● **What you need to do**
The part below that opens with the line containing "Limonadeabzeichen. Zitronensaft, frische" and closes with the line containing "2023 대학혁신지원사업 이화" should be copied exactly, minus any pictures.

● **The records**
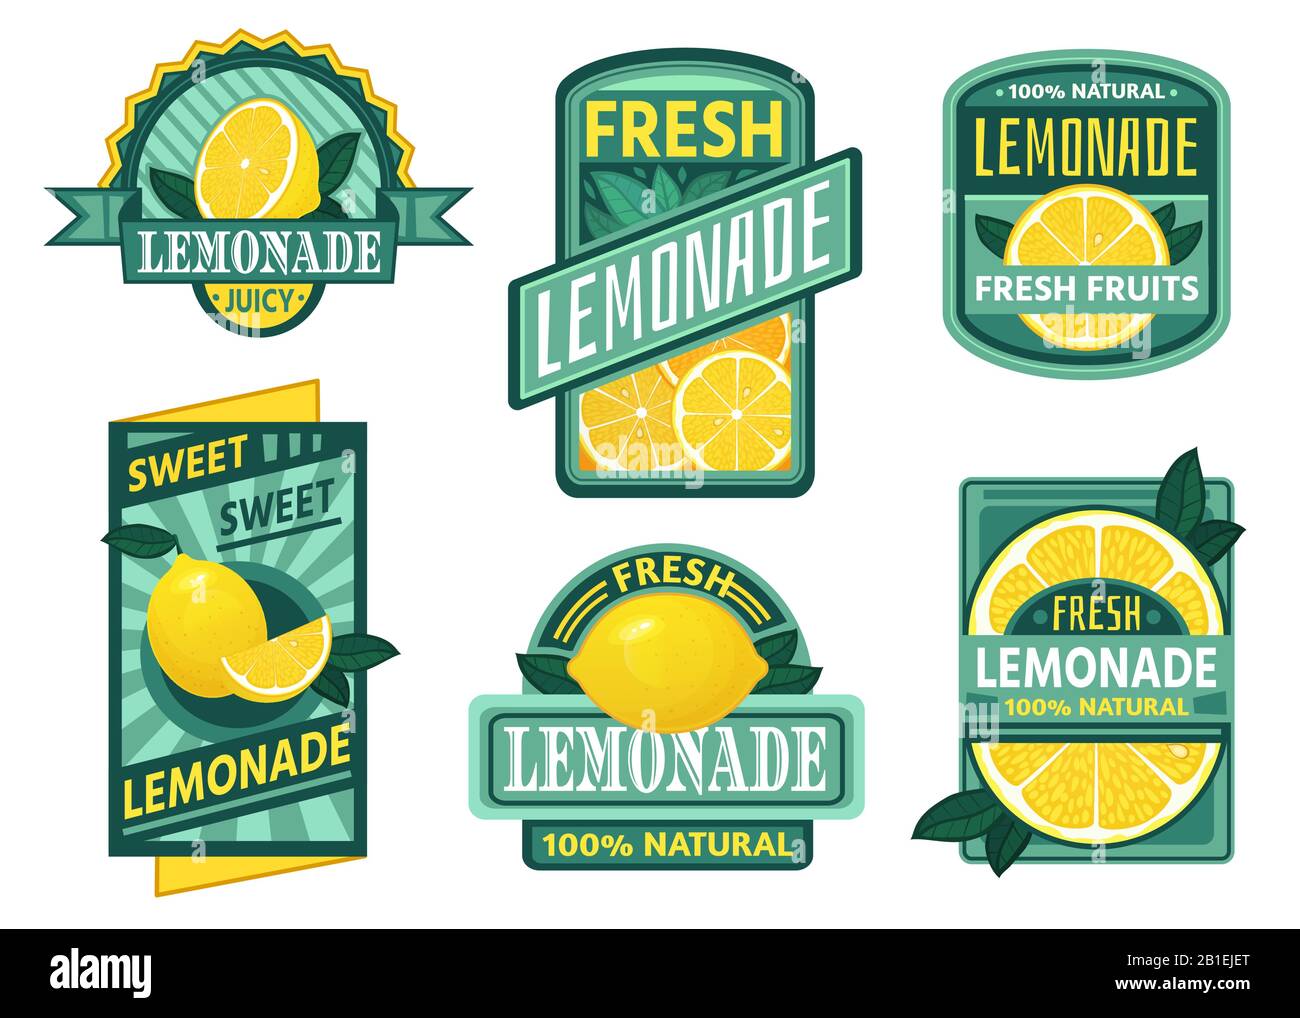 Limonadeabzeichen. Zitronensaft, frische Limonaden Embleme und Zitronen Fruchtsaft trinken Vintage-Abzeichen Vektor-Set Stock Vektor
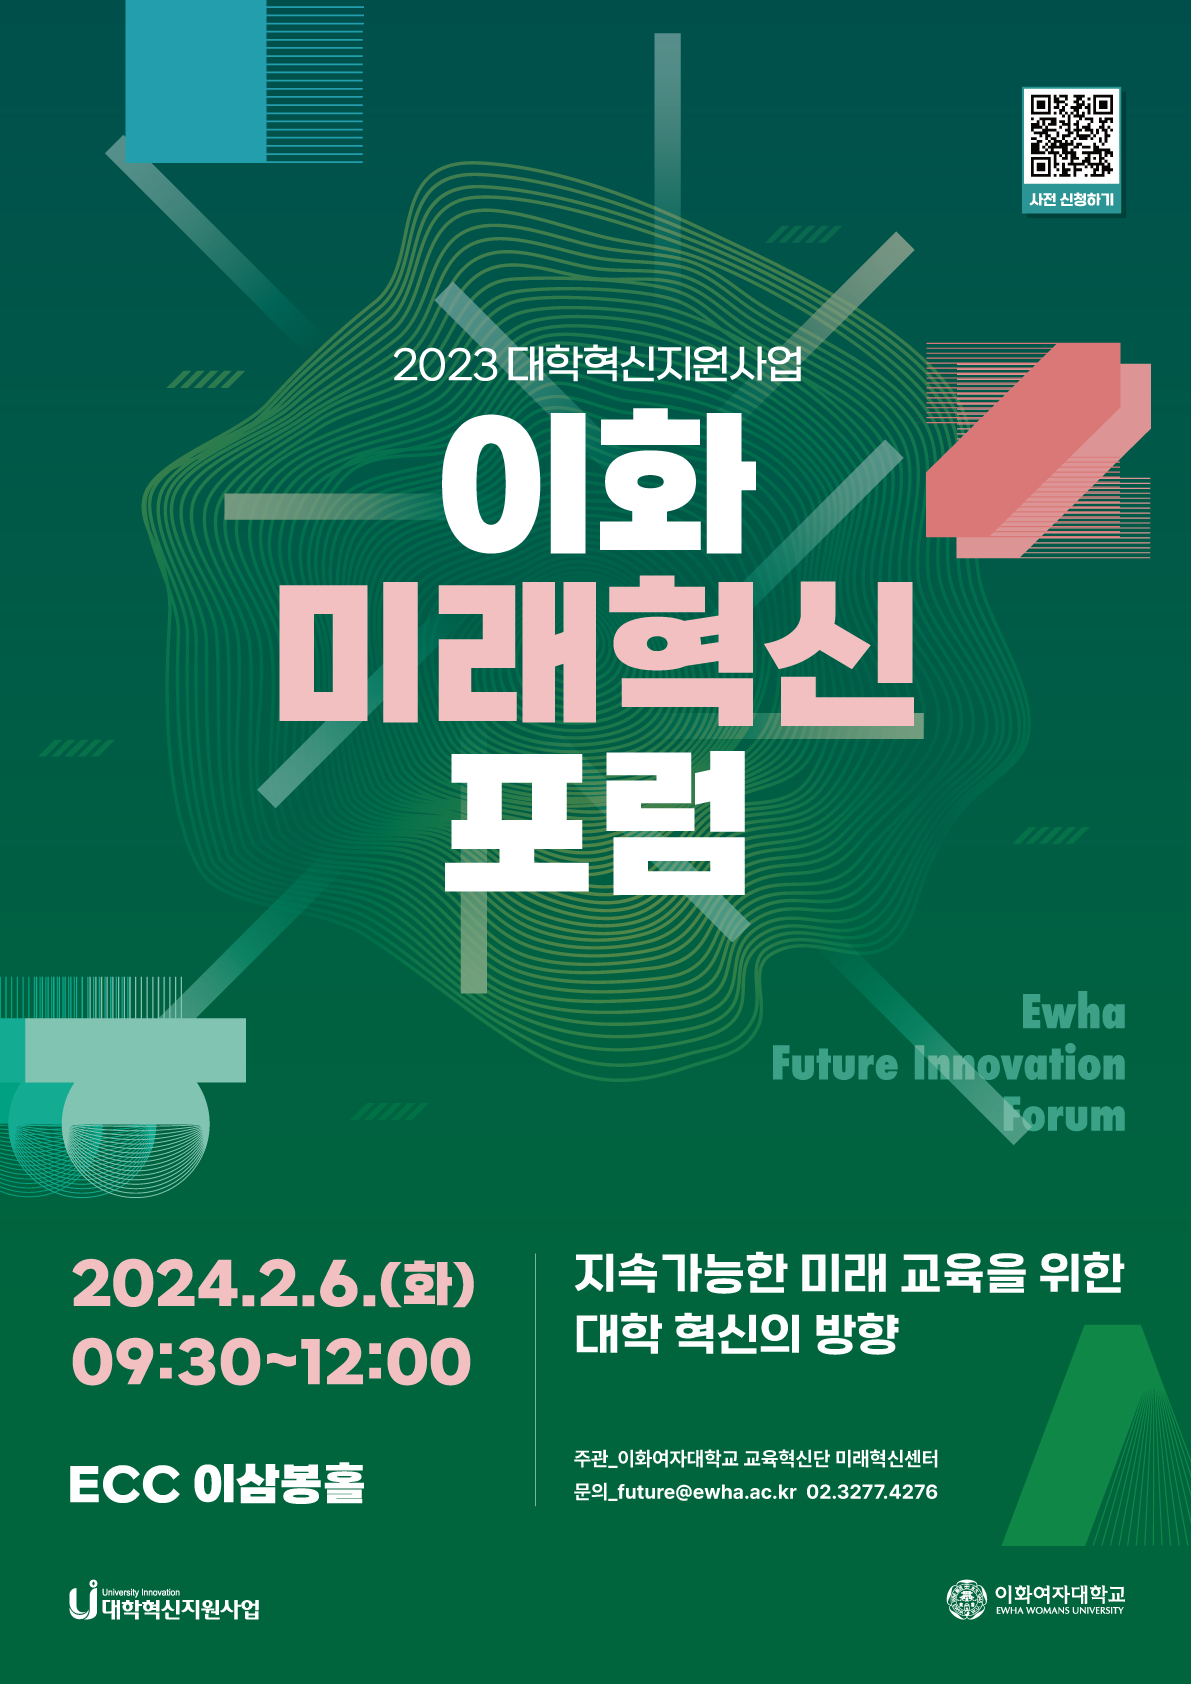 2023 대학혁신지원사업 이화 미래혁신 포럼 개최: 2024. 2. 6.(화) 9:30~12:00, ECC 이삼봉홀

* * *

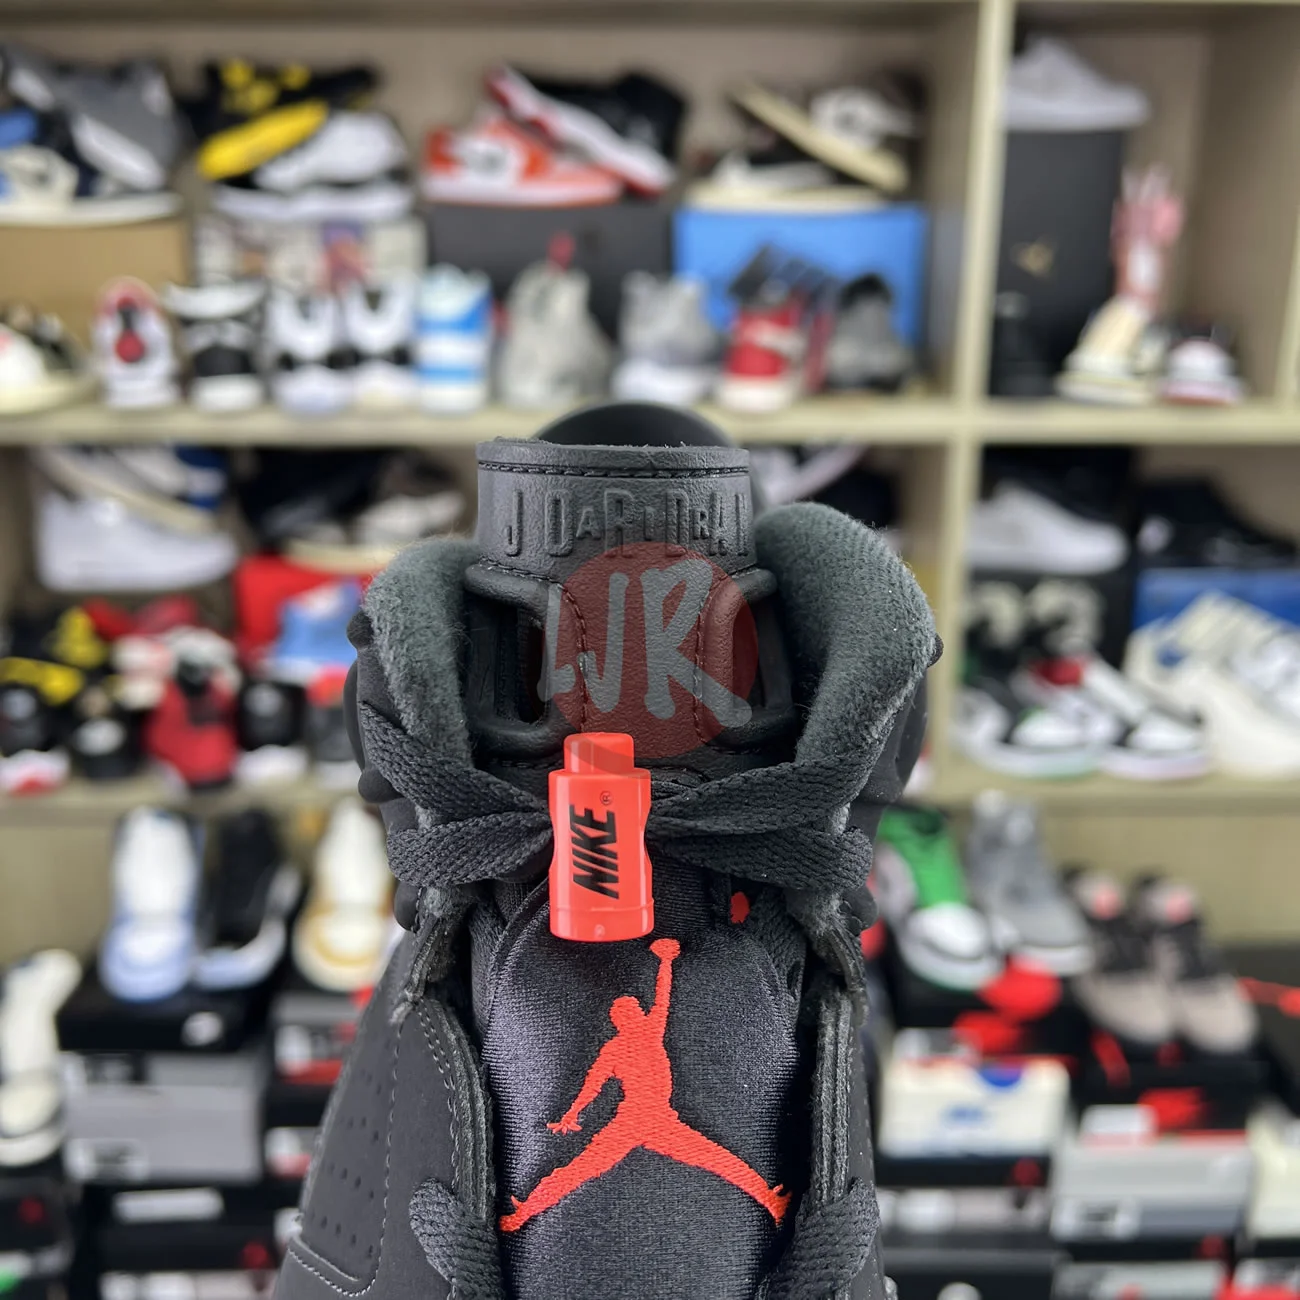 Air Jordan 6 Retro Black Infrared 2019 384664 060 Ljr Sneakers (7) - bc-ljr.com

* * *

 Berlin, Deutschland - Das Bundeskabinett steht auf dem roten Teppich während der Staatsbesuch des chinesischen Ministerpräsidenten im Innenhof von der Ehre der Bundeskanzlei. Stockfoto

● **Response area**
 Limonadeabzeichen. Zitronensaft, frische Limonaden Embleme und Zitronen Fruchtsaft trinken Vintage-Abzeichen Vektor-Set Stock Vektor
 2023 대학혁신지원사업 이화 미래혁신 포럼 개최: 2024. 2. 6.(화) 9:30~12:00, ECC 이삼봉홀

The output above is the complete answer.